January 19, 2023 | By Cole Hatcher

‘We Recommit Ourselves’

2023 MLK Day Commemoration Reminds Everyone of ‘Unfinished Business’

It doesn’t fall on Jan. 1, but each year’s commemoration of Martin Luther King Jr. Day provides a fresh opportunity to recommit to fulfilling King’s dream, Columbus City Council member Nick Bankston said Monday at Ohio Wesleyan University.

“For those of us that seek justice, for those of us that seek progress, for those of us that want a better community,” Bankston told the crowd, “this is our New Year’s resolution of Martin Luther King Day, where we recommit ourselves to the work at hand. It is a day to be reminded that there is unfinished business.”

Bankston presented the keynote address at 2023 MLK Day commemoration, hosted by the Delaware County Martin Luther King Jr. Celebration Committee and Ohio Wesleyan.

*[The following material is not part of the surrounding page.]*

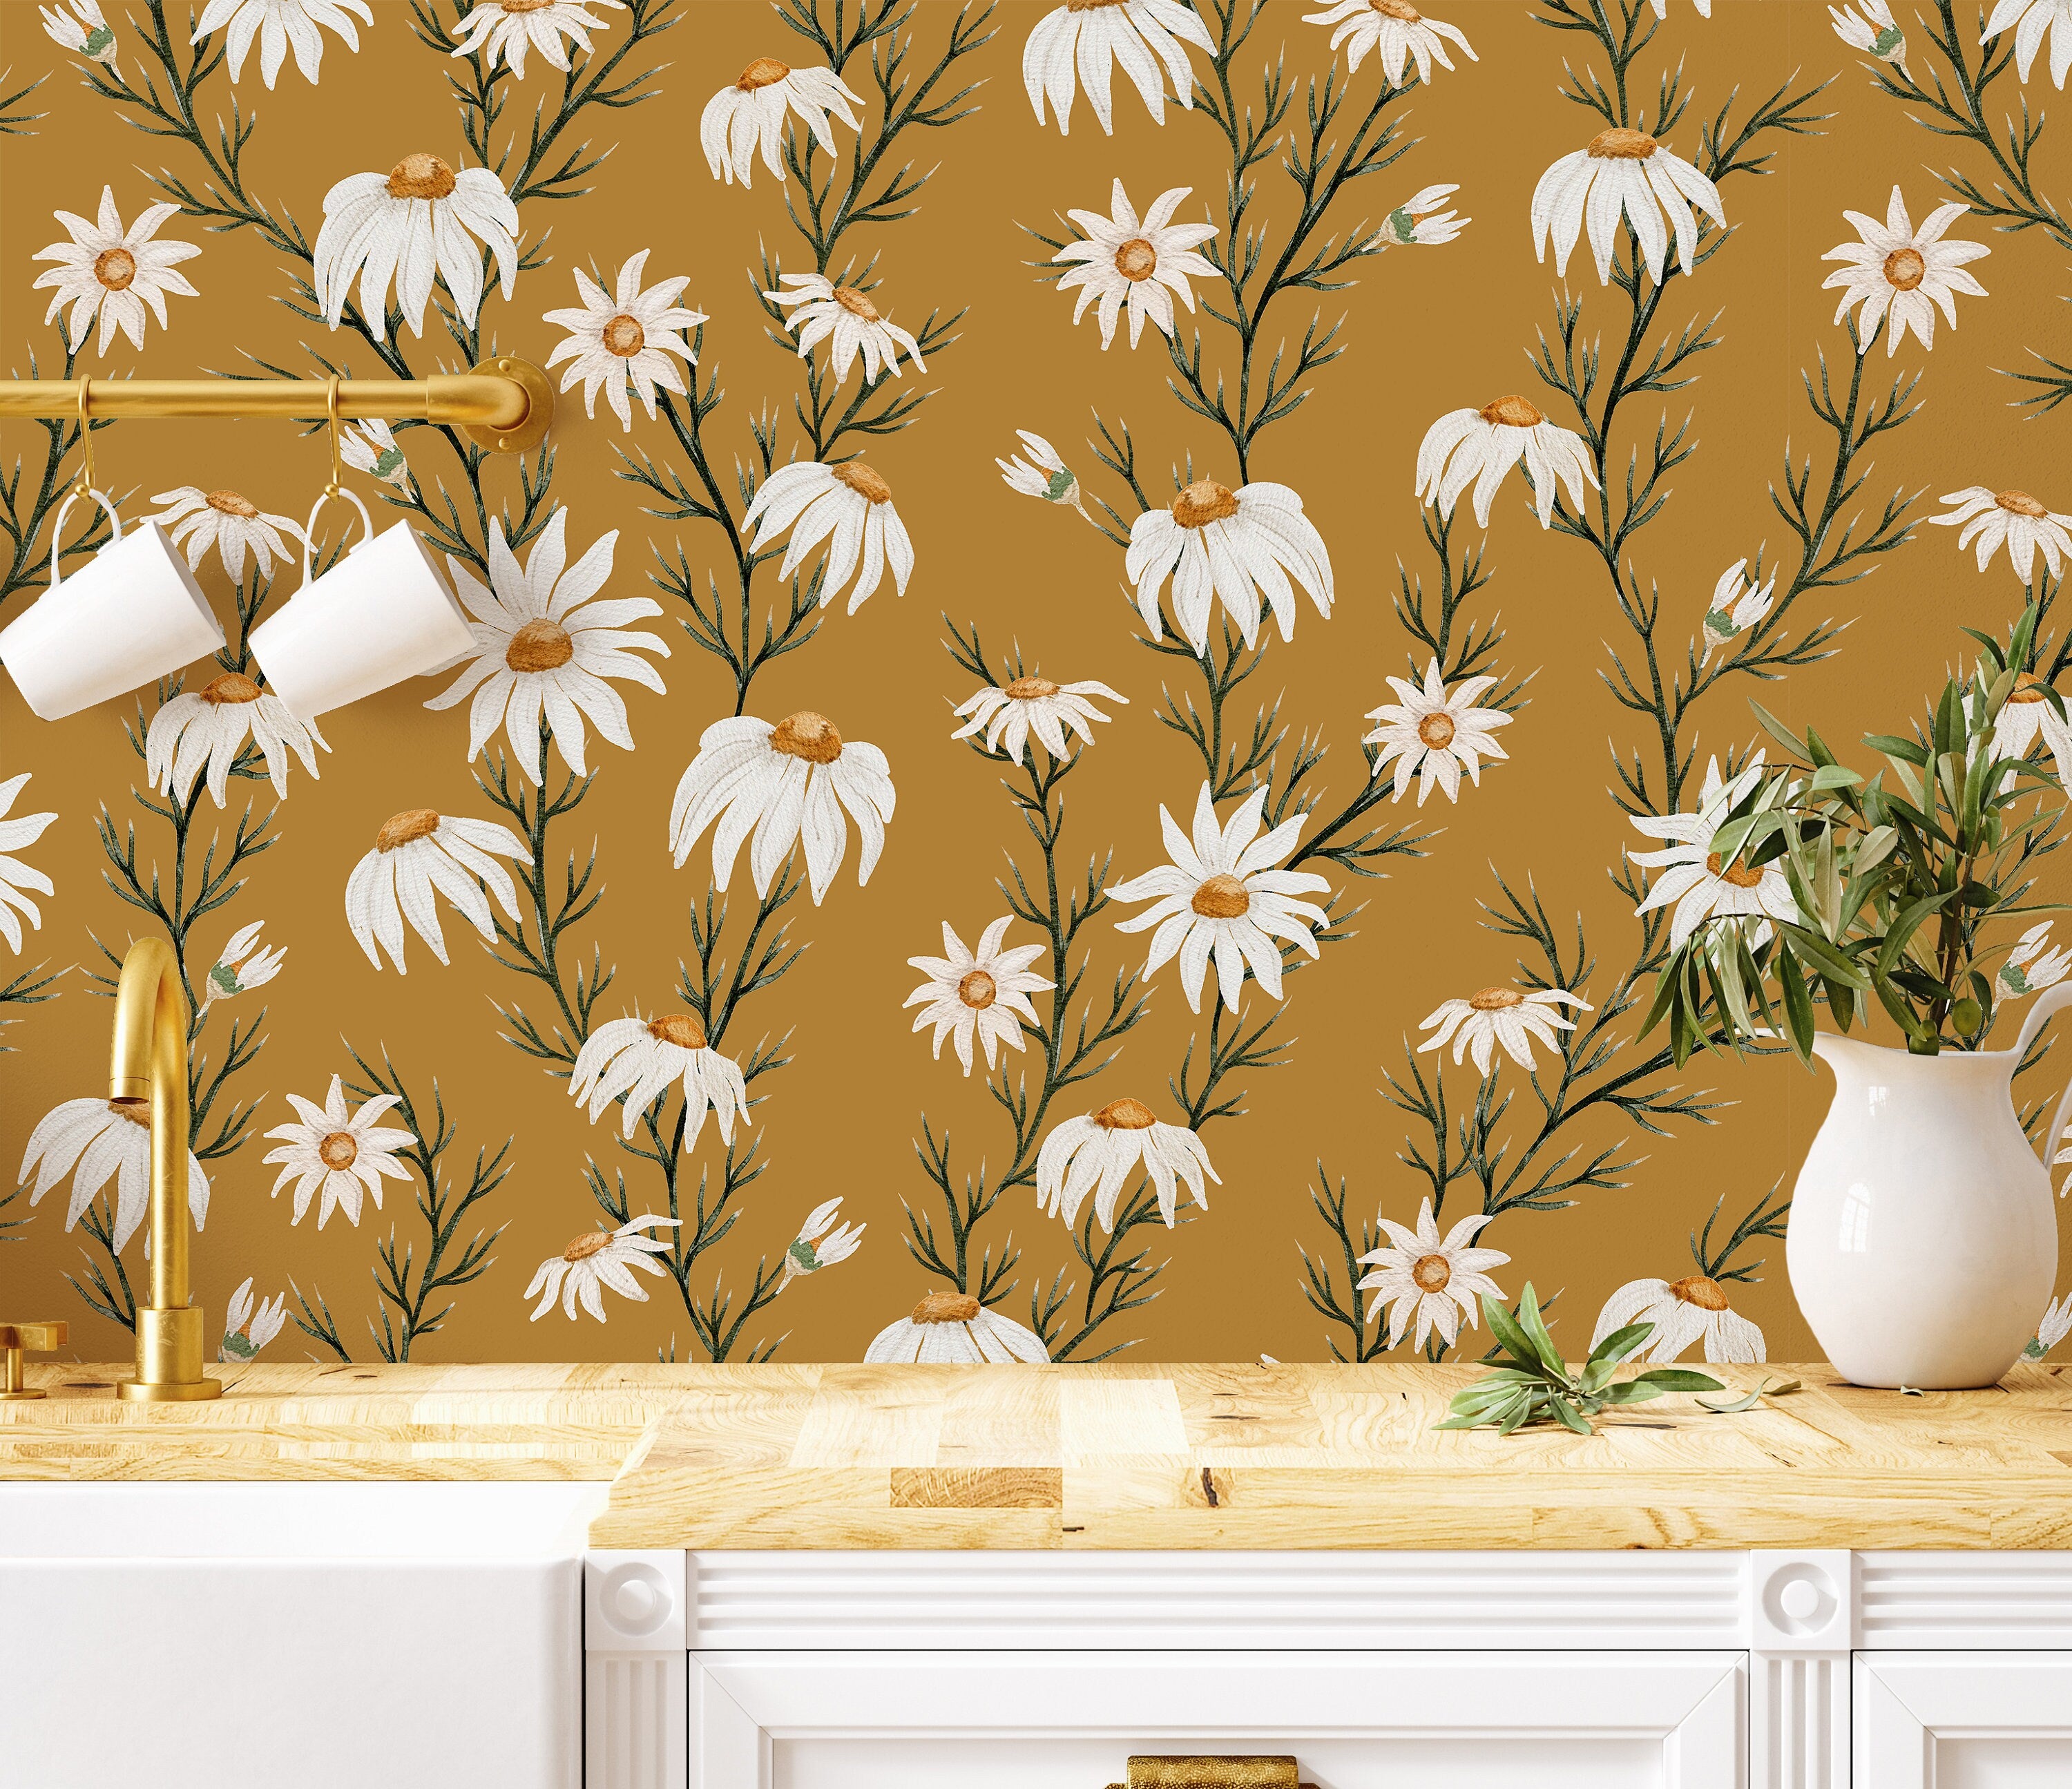 Golden Daisy Farmhouse Wallpaper | Wallpaper Peel and Stick | Removable Wallpaper | Wall Paper Peel And Stick | Wall Mural | Wall Decor 3442 - JamesAndColors

“We are now in the year 2023,” said Bankston, who also serves as chief executive officer of Gladden Community House, “and isn’t it amazing that the issues Dr. King was fighting for in the ’50s and ’60s are still so prominent today?”

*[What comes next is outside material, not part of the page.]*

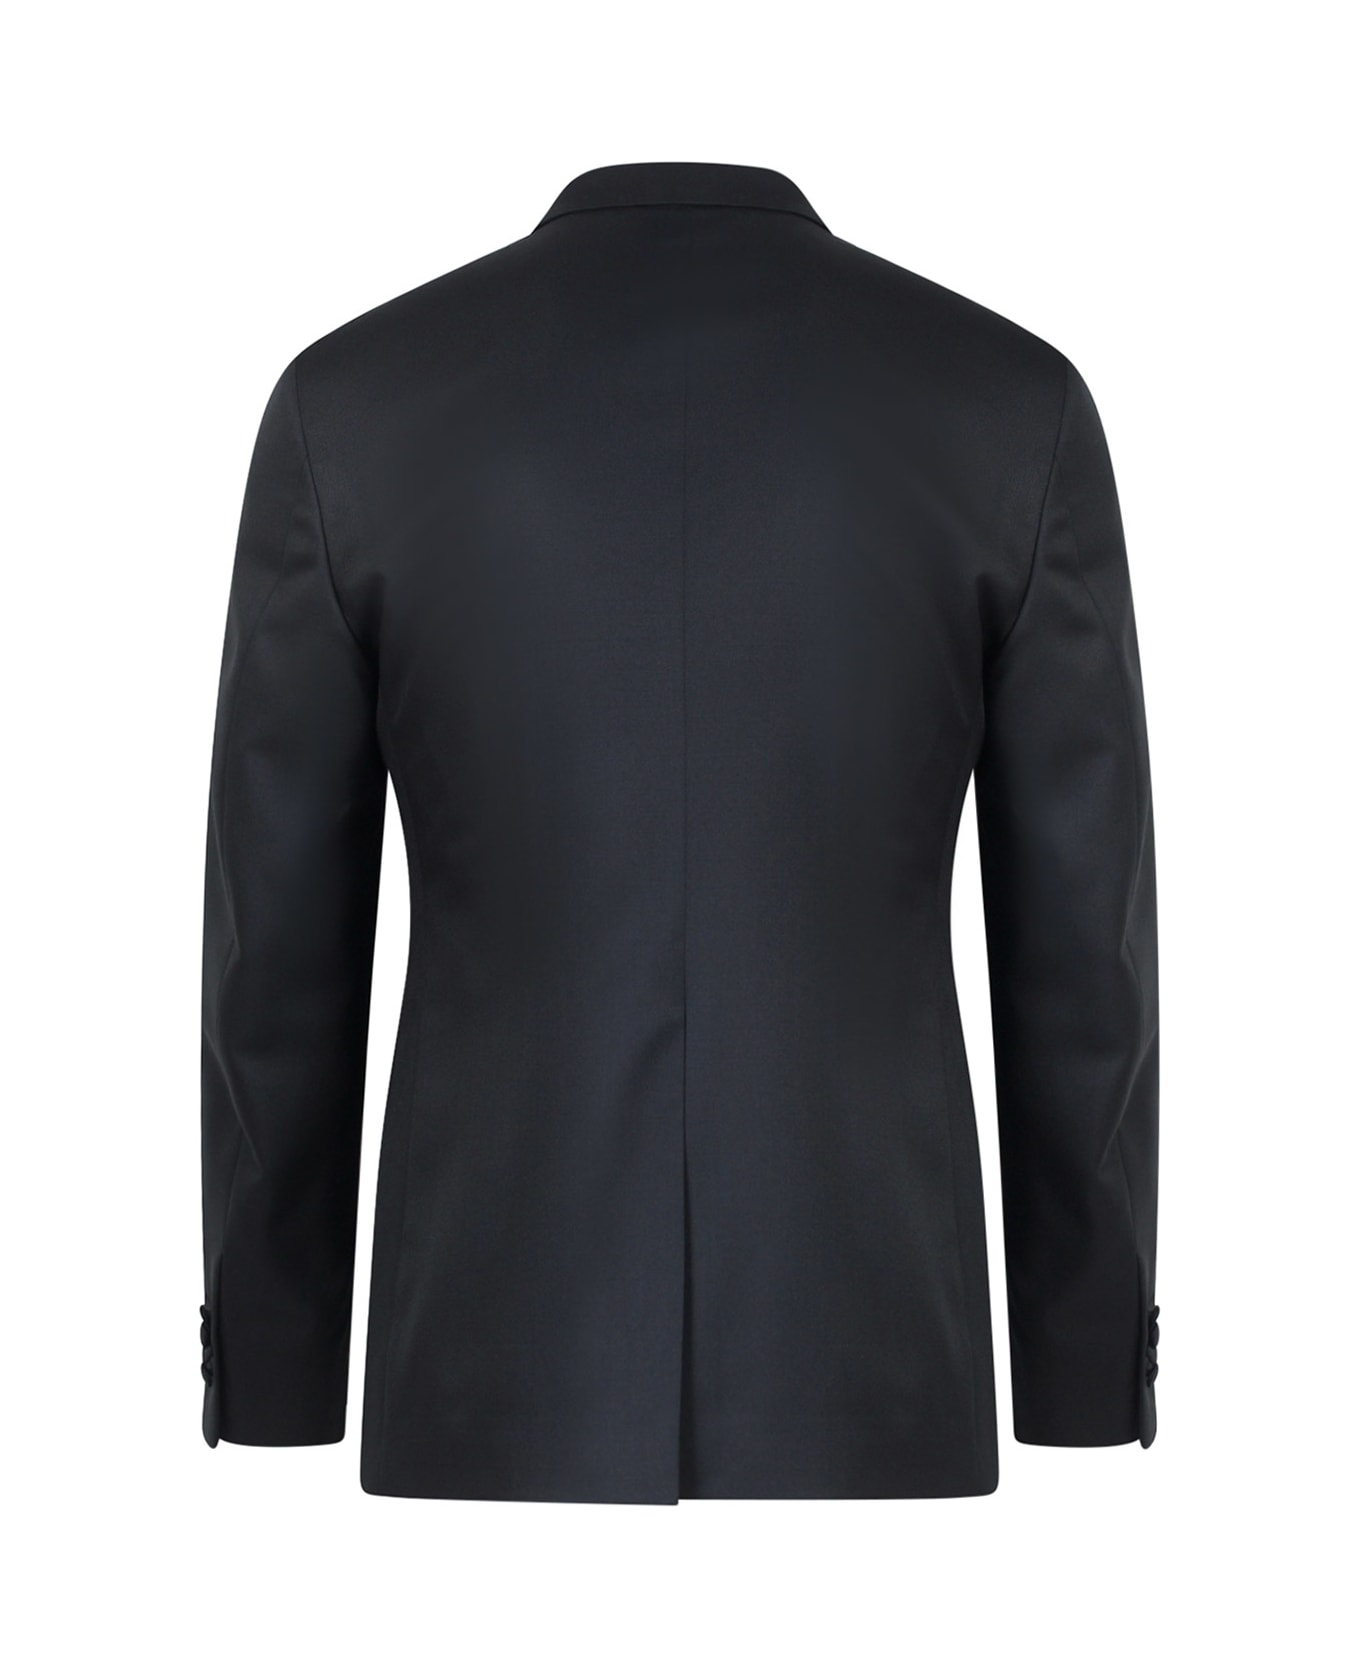 Tagliatore Tuxedo - Black スーツ

Though people can be disheartened by systemic injustice and racism, he said, it’s important to remember that this, as noted by the theme of this year’s Delaware commemoration, “the continued march towards justice.”

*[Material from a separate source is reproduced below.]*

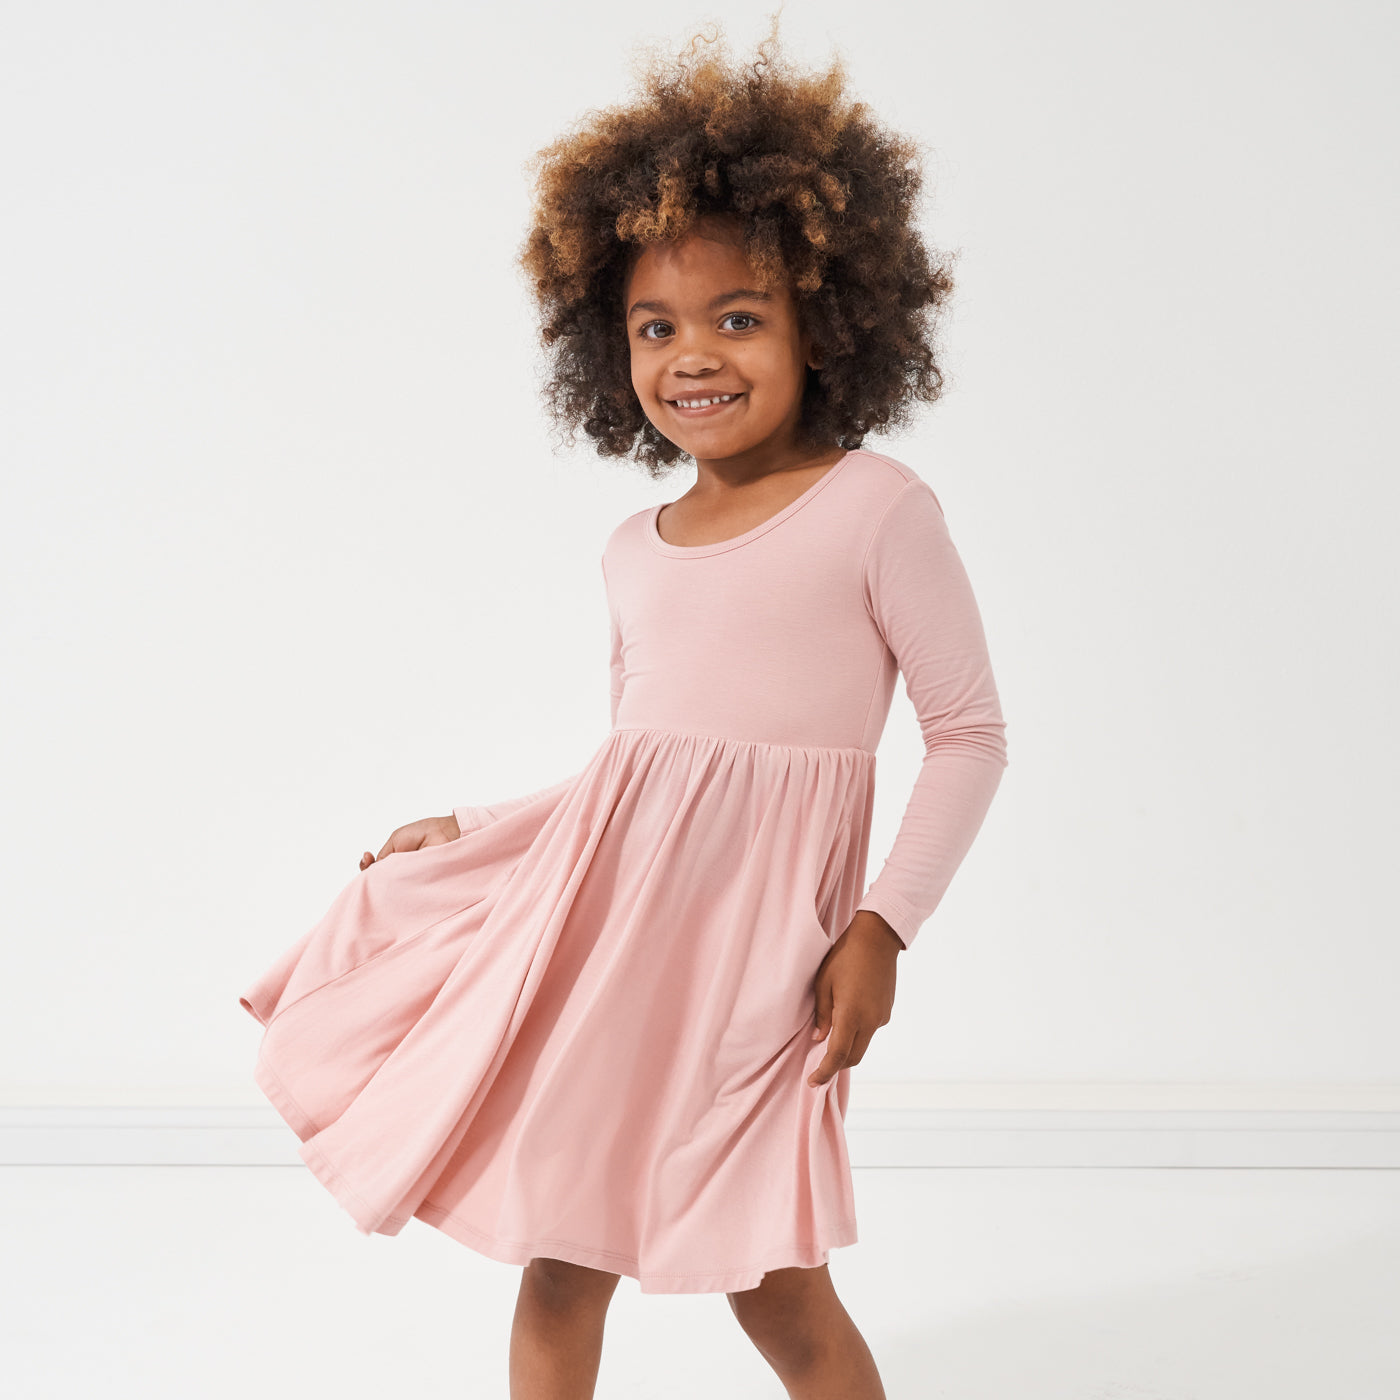 child dancing wearing a Mauve Blush twirl dress

“The reality is this work is never done,” said Bankston, who also encouraged the audience not to diminish the power of one in the quest for an antiracist world.

“There’s power in one,” he said, “and Dr King knew that. And it was that one speech on Wednesday, August 28, 1963, that one man dreamed so big that he changed the world. …

“I want you to leave here asking yourself, ‘What will I dream? And will I be brave enough to see it through?’ … This is our calling,” Bankston said, “to be brave and answer the call of courage to keep the dream alive.”

In addition to the annual breakfast commemoration, the Delaware County MLK Celebration Committee and Ohio Wesleyan also hosted an online panel discussion on Jan. 15 to explore the topic “From Civil Rights to Wakanda: An Exploration of Blackness & Media.”

The free event featured Ohio Wesleyan’s Phokeng Dailey, assistant professor of communication; student Saharla Loyan of Westerville; and Jason Timpson, director of Multicultural Student Affairs, along with Tamika Vinson-Reid, co-chair of the Delaware African American Heritage Council.

Dawn Chisebe, OWU’s chief diversity officer, moderated the discussion, and began the conversation by explaining the goal of the event.

“We want you to walk away having a more clear understanding of what media is and how it influences all aspects of our lives,” Chisebe said, “while really centering the discussion on the ways that Black peoples are represented in and by media and the impacts of those representations.”

Asked why the topic was important, Daily, chair of OWU’s Department of Journalism and Communication, told the audience: “It is important because we live in a media-saturated world. We are inundated with media messages all the time. …

“Media teach us about everything that we know,” Daily said. “Everything about what it means to be human, what it means to be Black, what it means to be a woman, what it means to be American. …. In many ways, media has supplanted what have historically been our institutional storytellers.”

Both Bankston’s keynote address and the full panel discussion are available online for anytime viewing through the special events tab at owu.edu/stream.